:: RECORDED INFORMATION ::
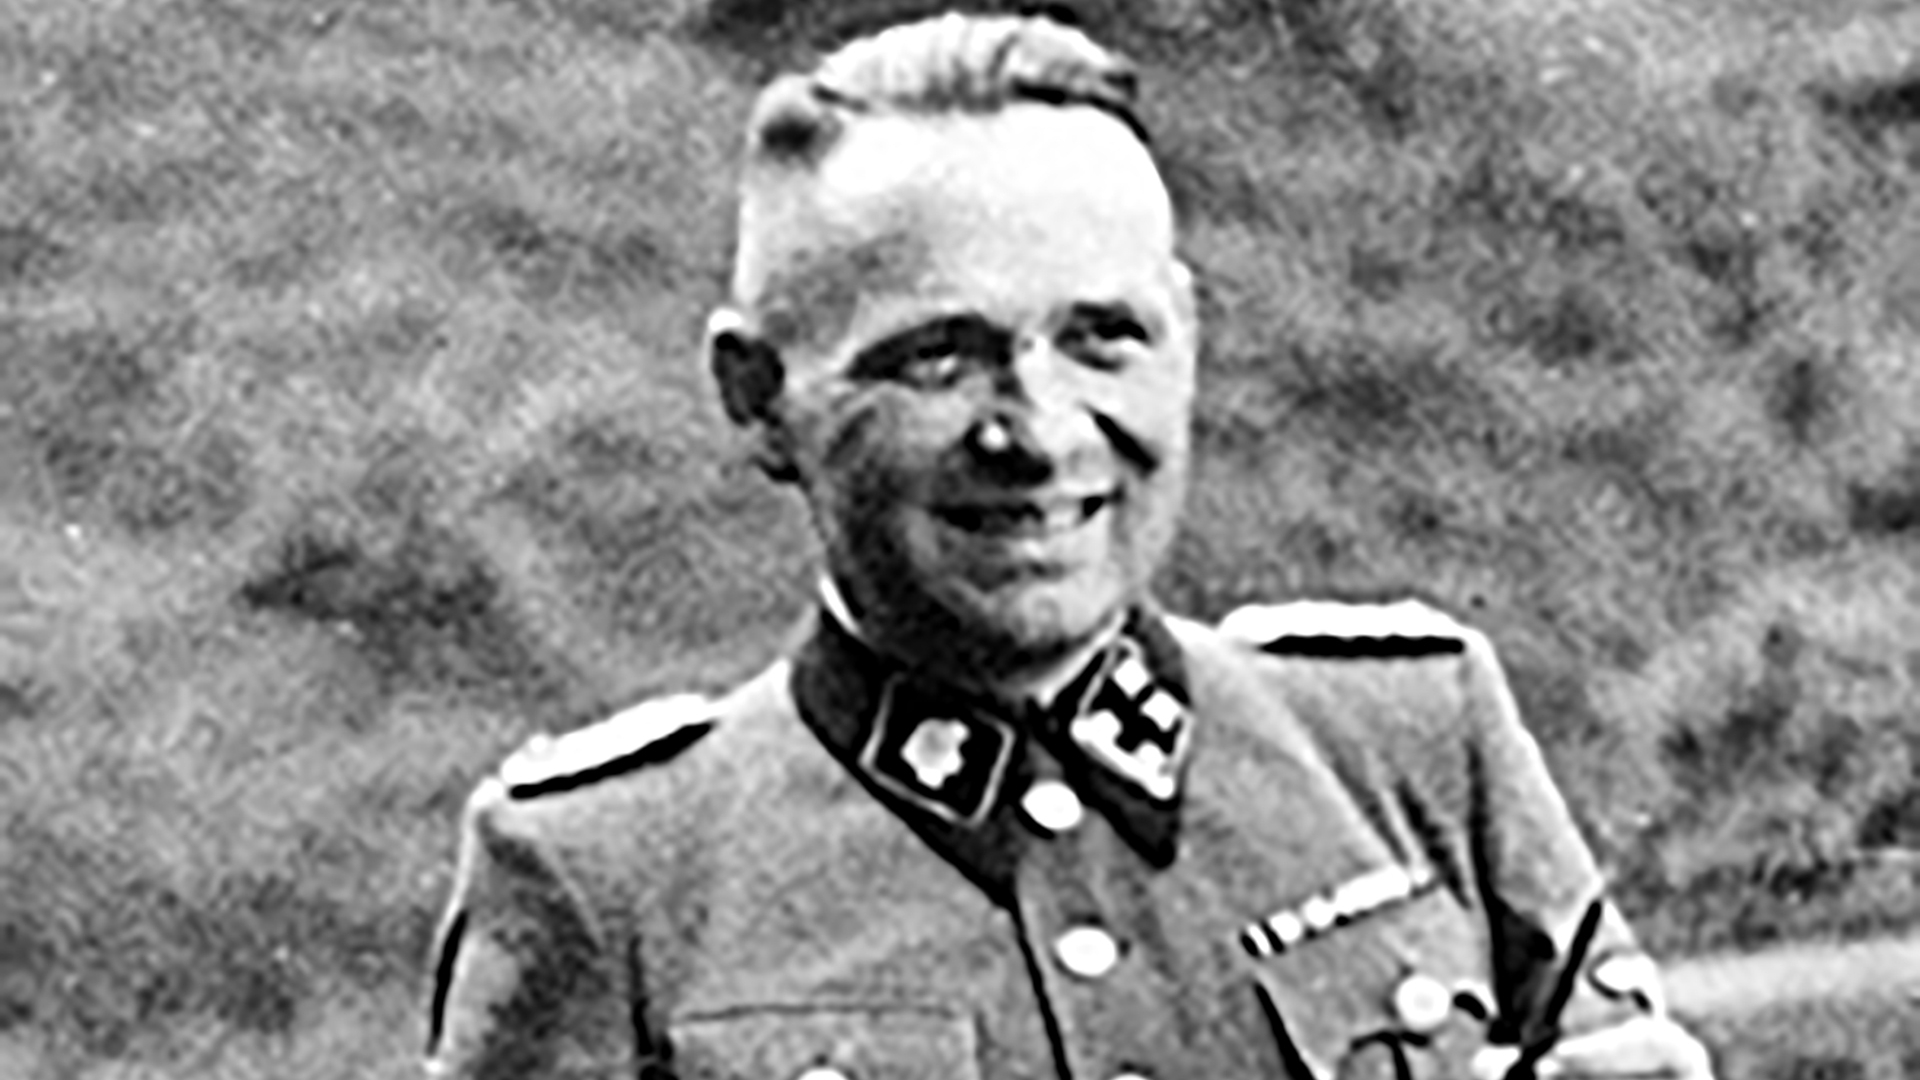 Rudolf Hoss fue el comandante de Auschwitz. el que puso en marcha la fábrica de muerte más terrible de la historia
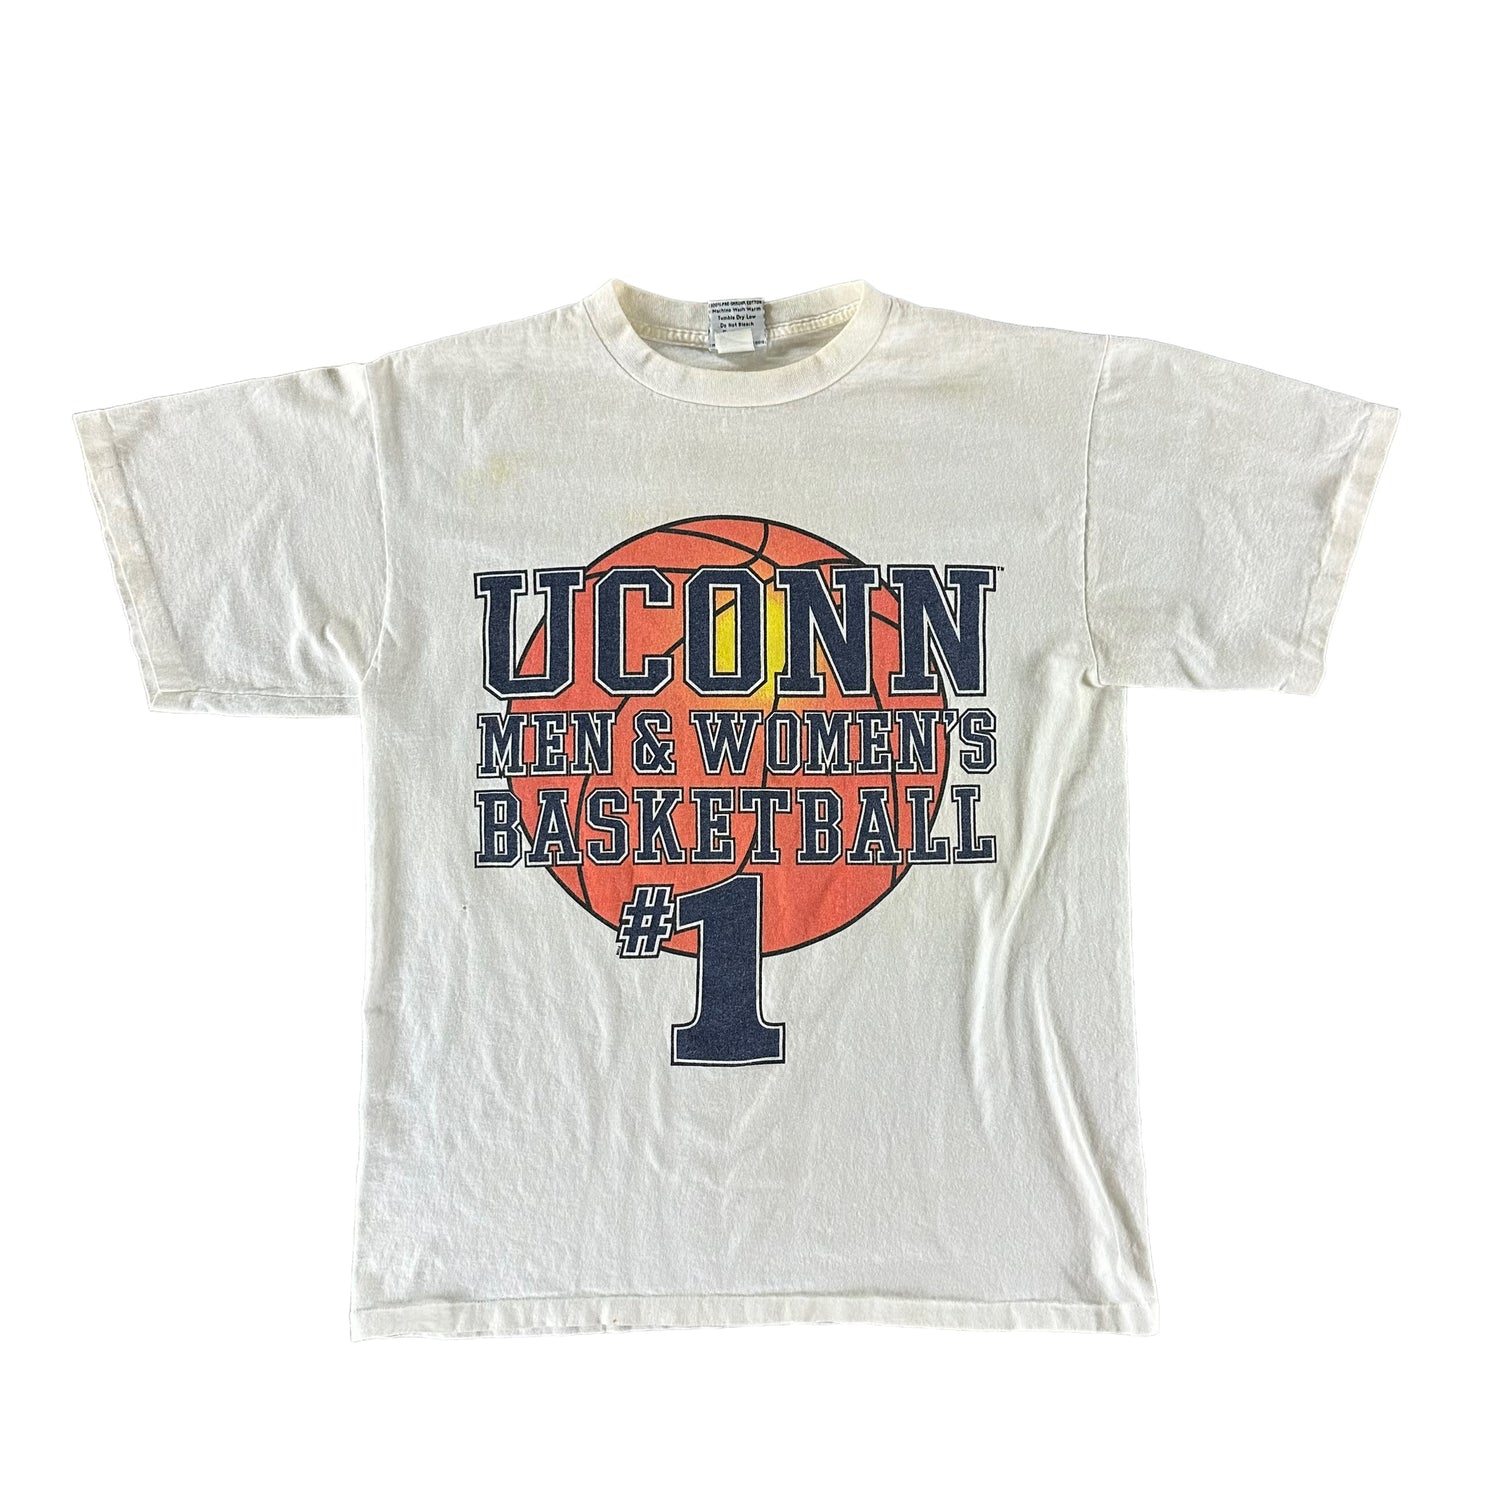 Vintage 1990s University of Connecticut T-shirt size Large
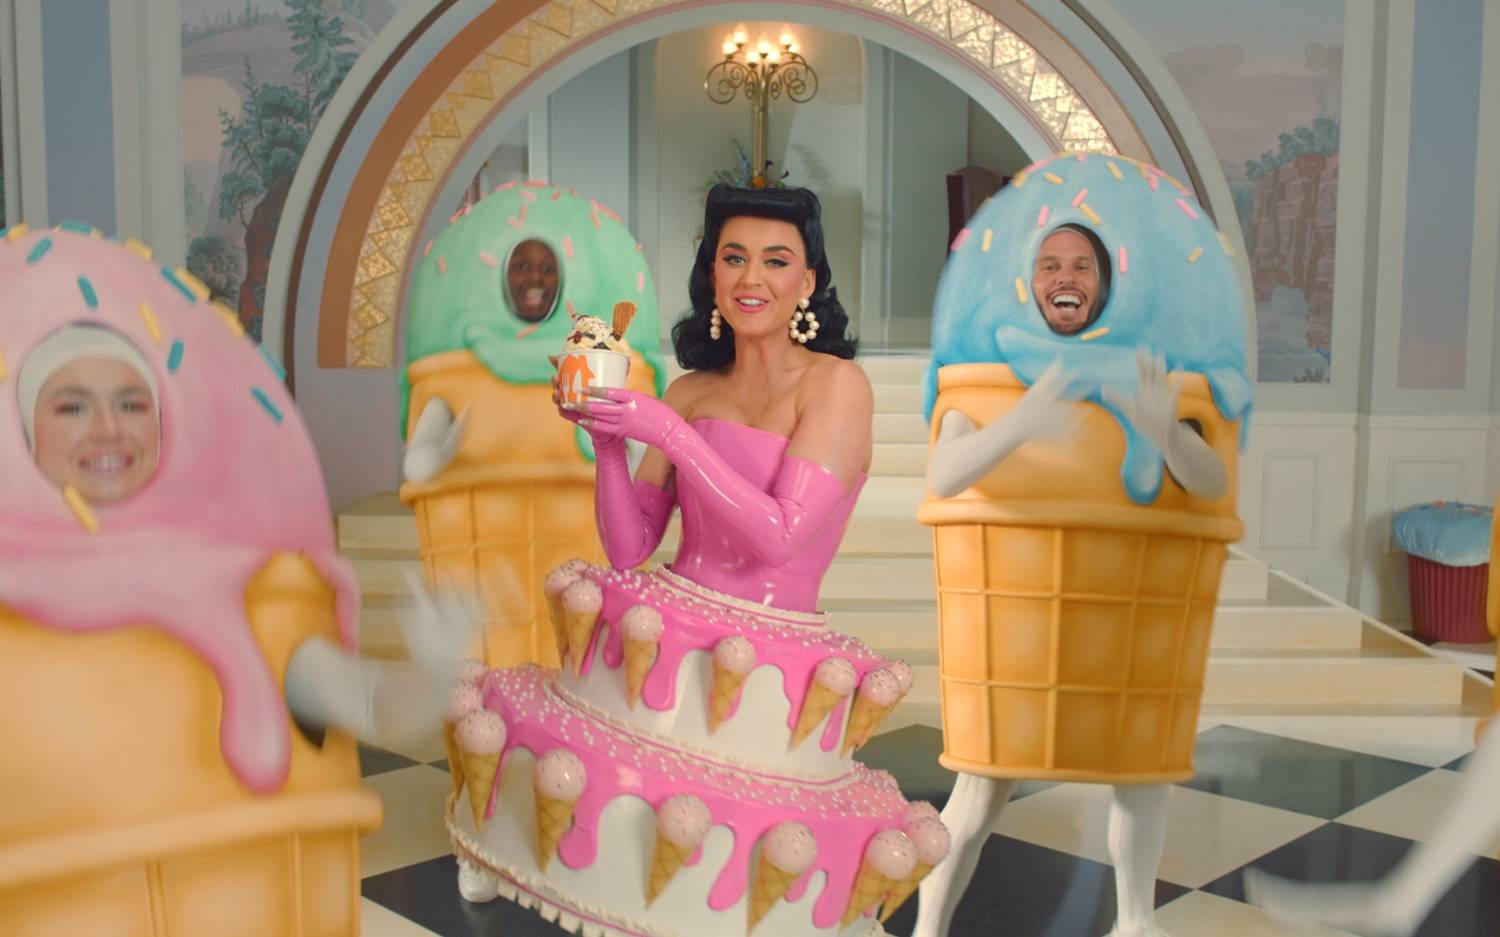 Katy Perry ist das Gesicht der neuen 360°-Kampagne von Lieferando / ©Lieferando
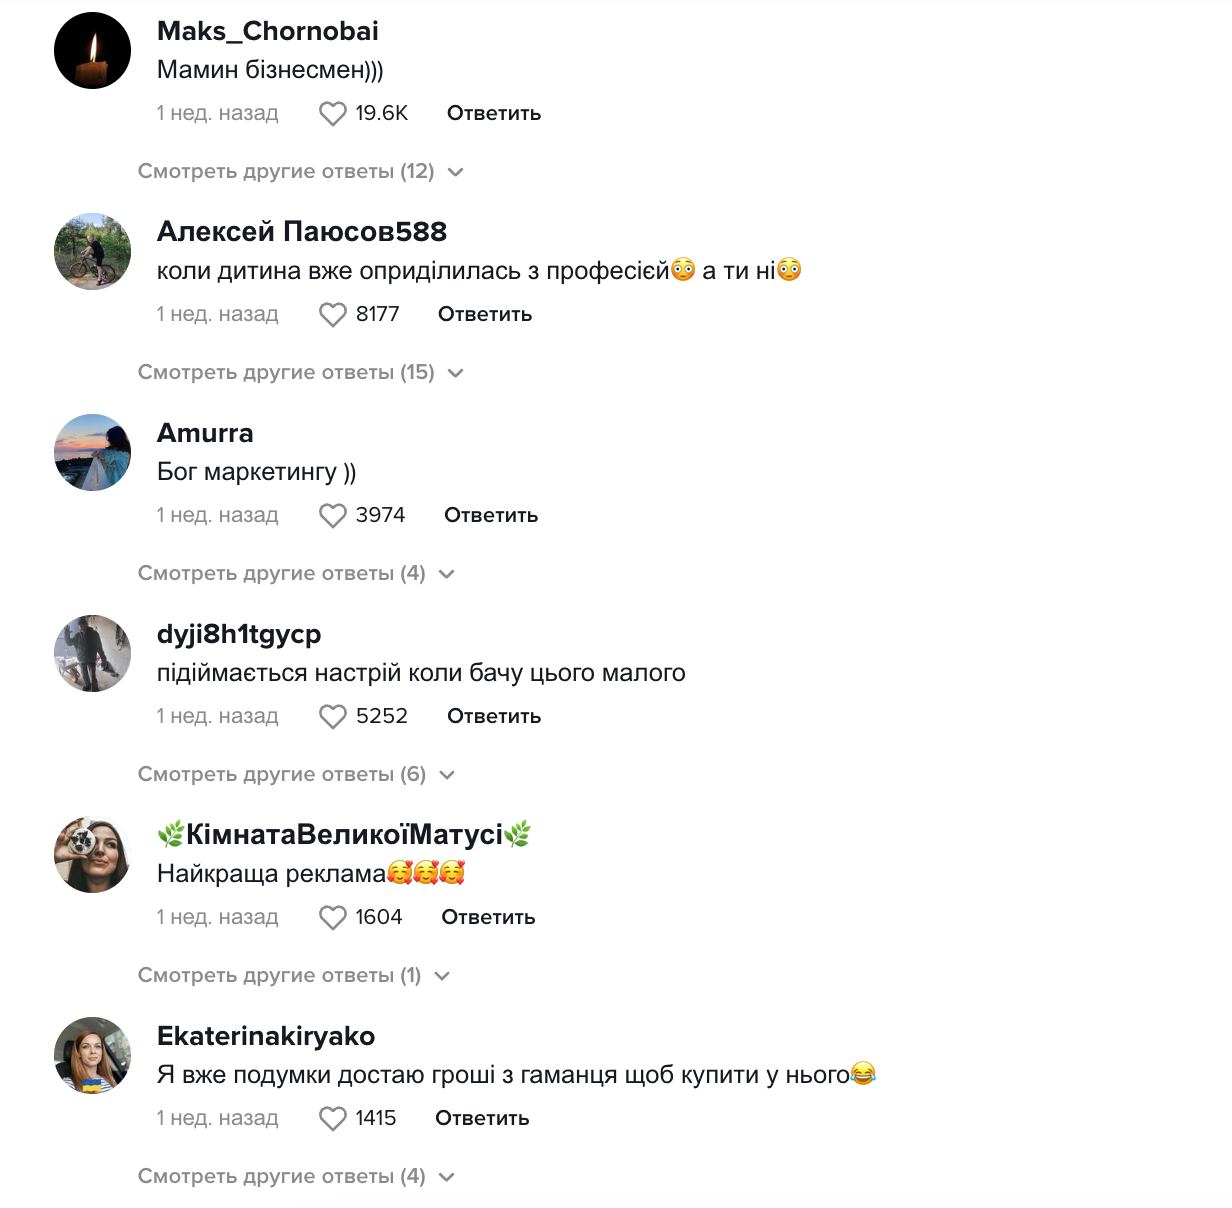 "Скоро вже буде Паска": маленький украинец восхитил сеть оригинальной рекламой и стал звездой вирусного трека
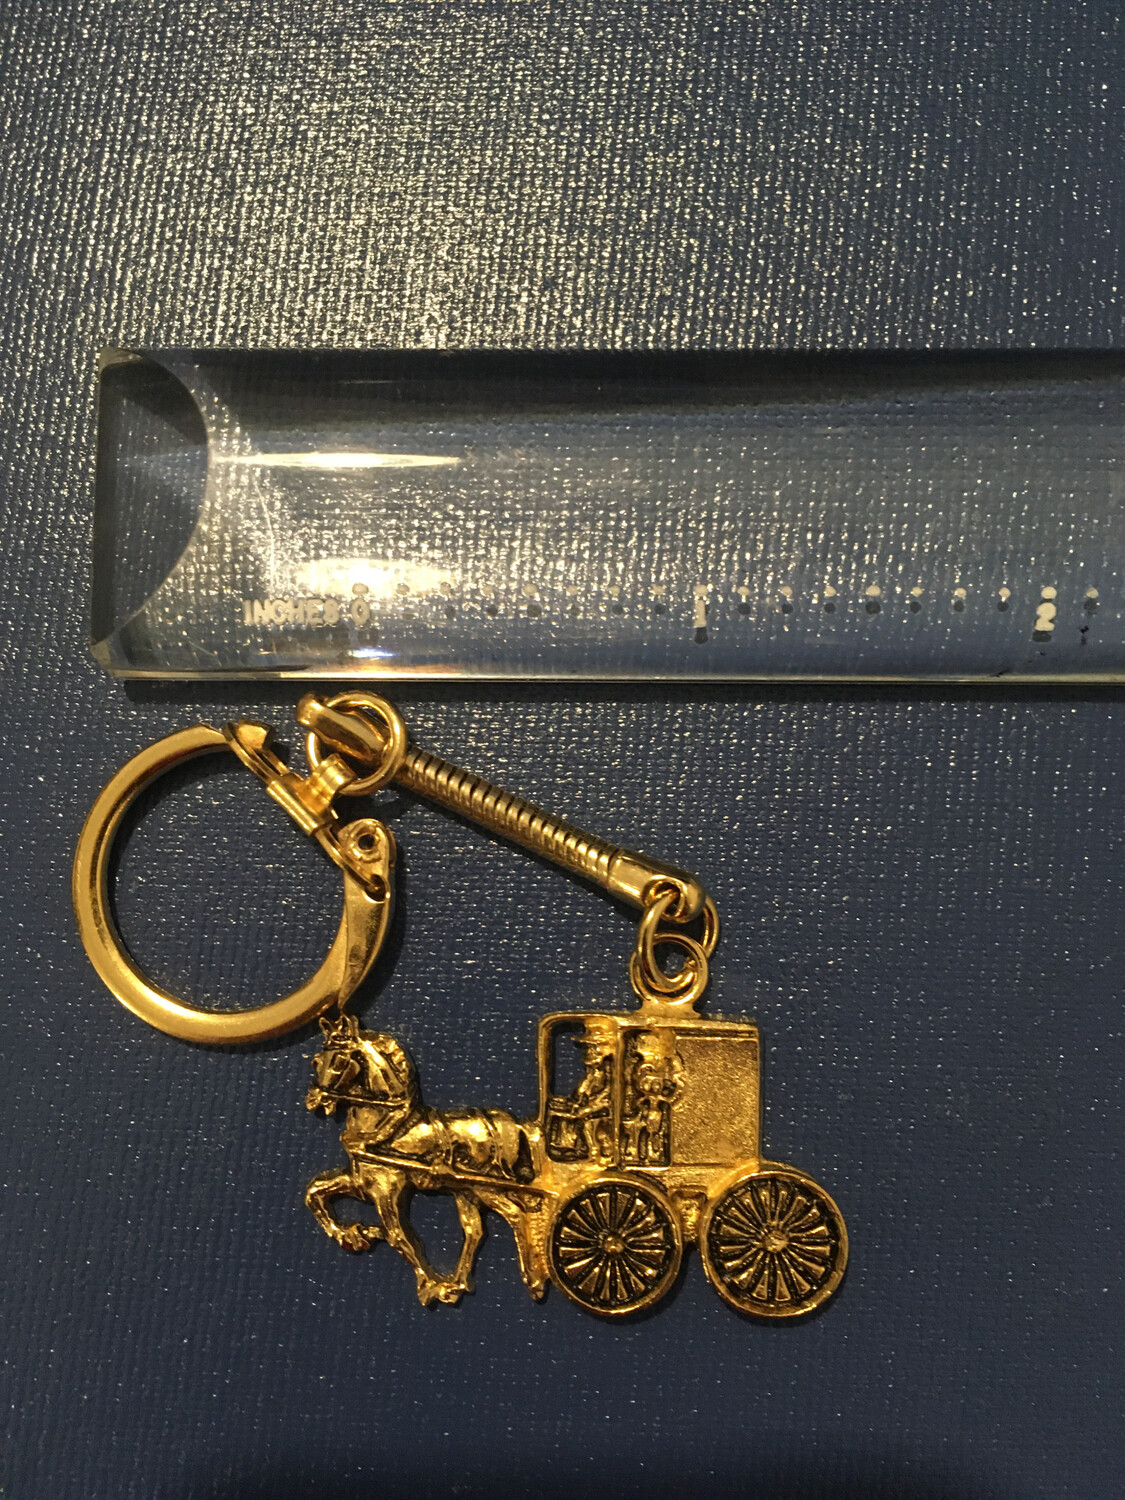 Amish Key Chain
:::
REQUIREMENT>
Write out, word for word, only the lines from the one containing "Vintage 1990s University" to the end of the data above; the pictures stay out.

THE ANSWER>
 Vintage 1990s University of Connecticut T-shirt size Large
 Katy Perry ist das Gesicht der neuen 360°-Kampagne von Lieferando / ©Lieferando
 "Скоро вже буде Паска": маленький украинец восхитил сеть оригинальной рекламой и стал звездой вирусного трека
 Amish Key Chain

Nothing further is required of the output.